## [What this task involves]
Your copy should contain exactly the lines from the one that holds "Buy Phase Eight" through the end of the material, reproduced as written, with no pictures.

## [Supplied information]
——————

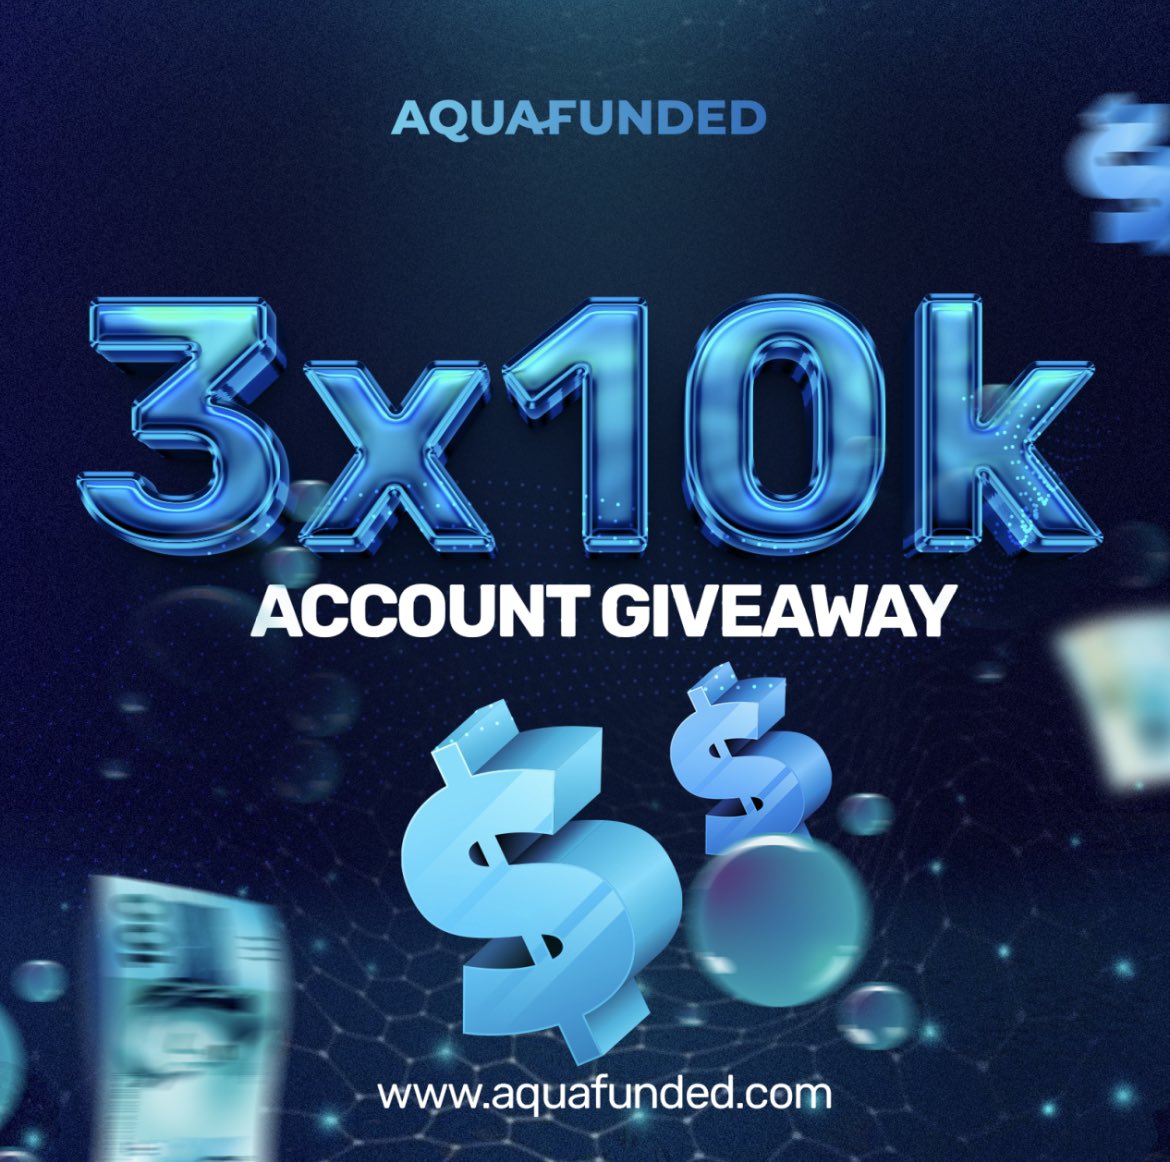 🚨 GIVEAWAY ALERT 🚨 🎁 3X $10k Account Giveaway 🎁 To enter: ✅ Follow @tradericch | @AquaFunded | @tradewithhuncho | @HighbluesF ✅ Join our vibrant community: t.me/tradericch231 ✅ Like, Retweet & Tag your favorite traders Winners will be announced in 72hrs⏰
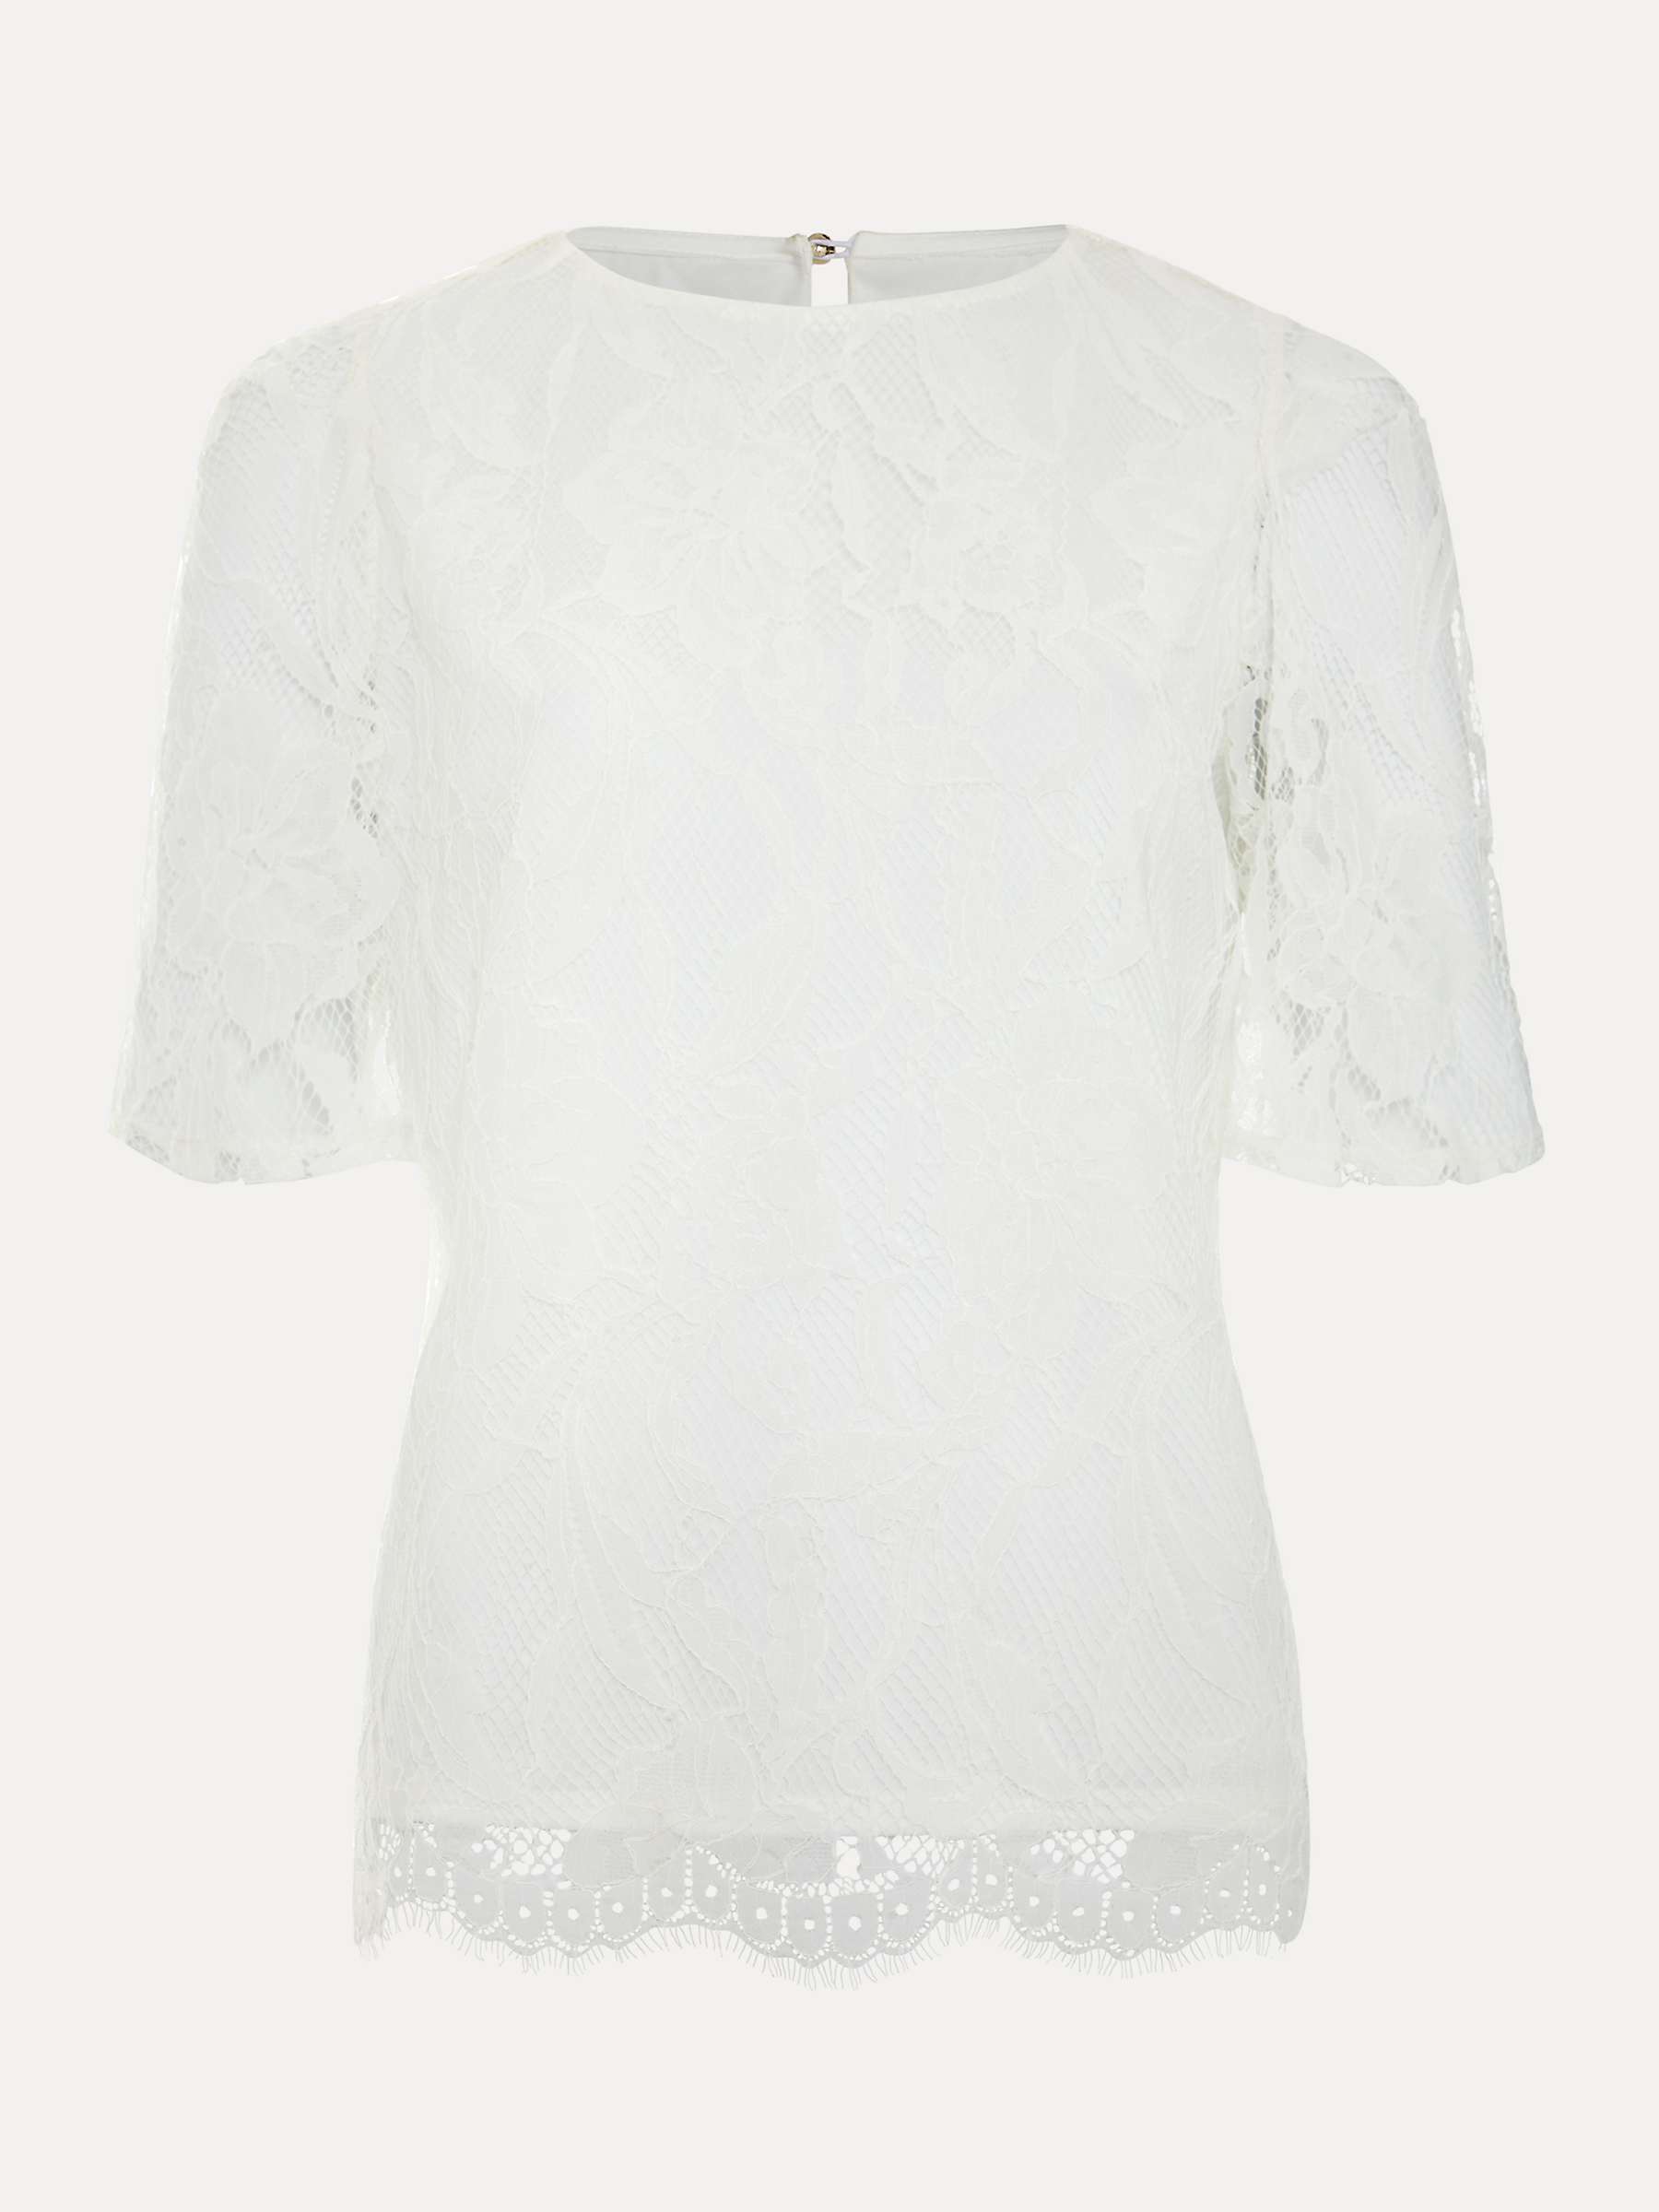 Buy Phase Eight Kaycee Lace Top, Ivory Online at johnlewis.com
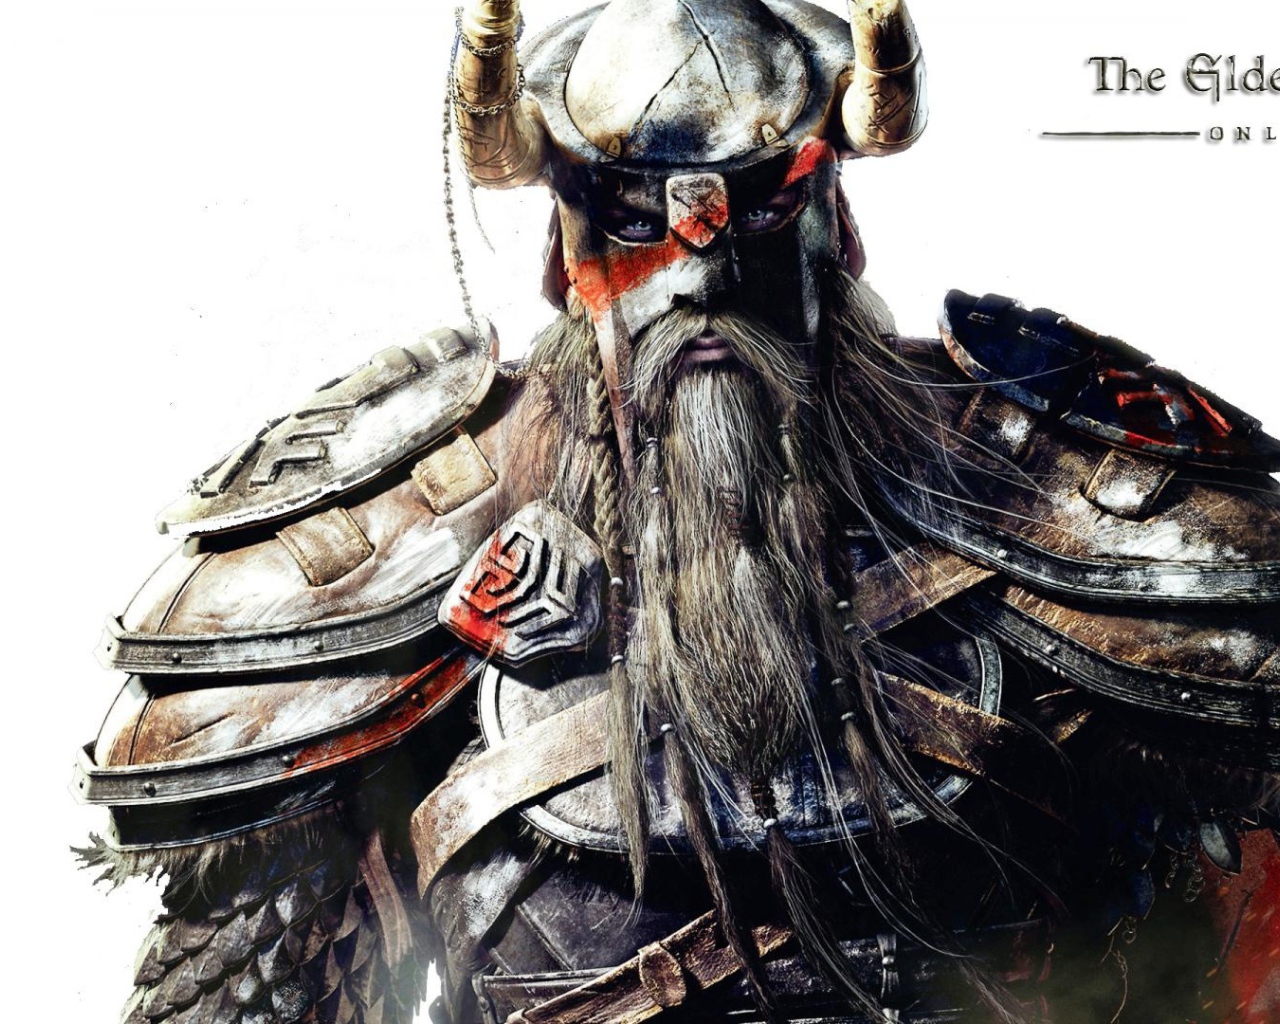 The person Viking
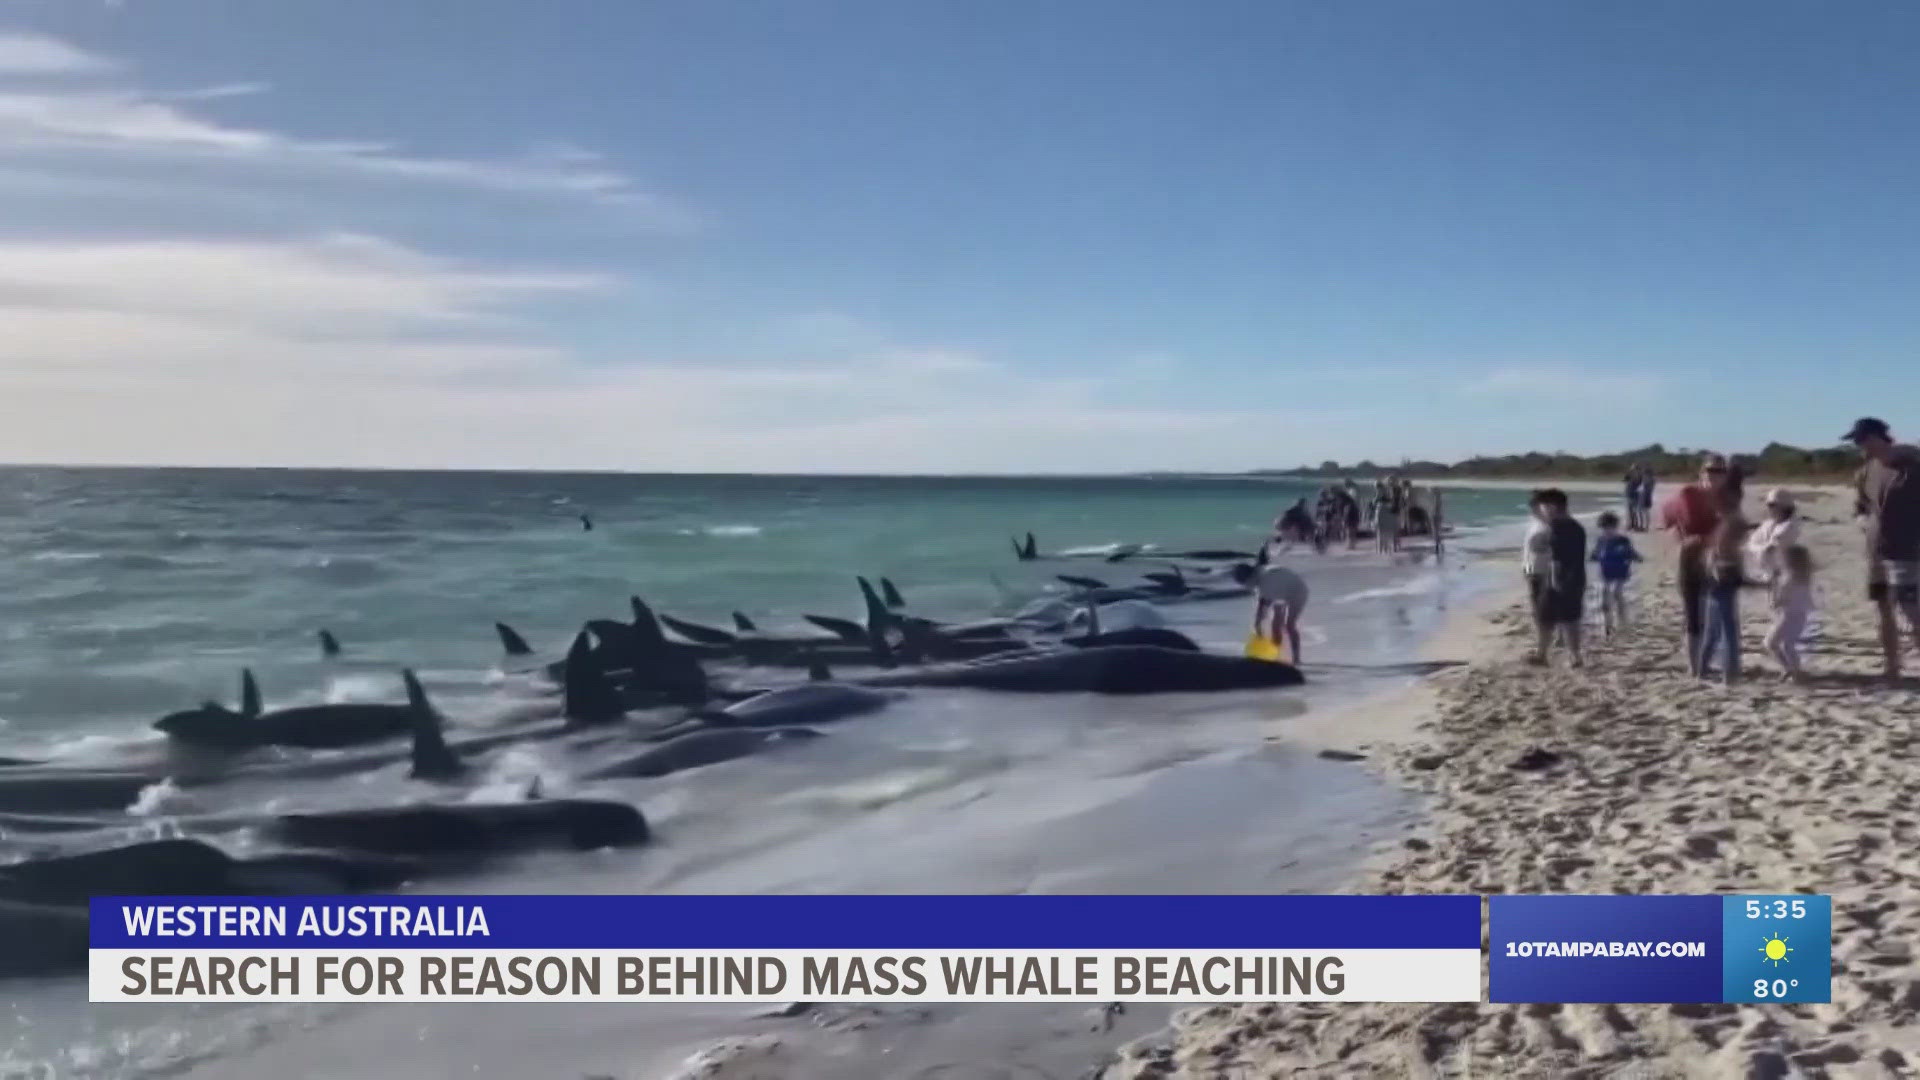 It’s not always clear why whales beach themselves, but experts believe injuries and illnesses to one or more animals in the pod could contribute to the phenomenon.

——————

## [Solution for this task]
 Buy Phase Eight Kaycee Lace Top, Ivory Online at johnlewis.com
 The person Viking
 It’s not always clear why whales beach themselves, but experts believe injuries and illnesses to one or more animals in the pod could contribute to the phenomenon.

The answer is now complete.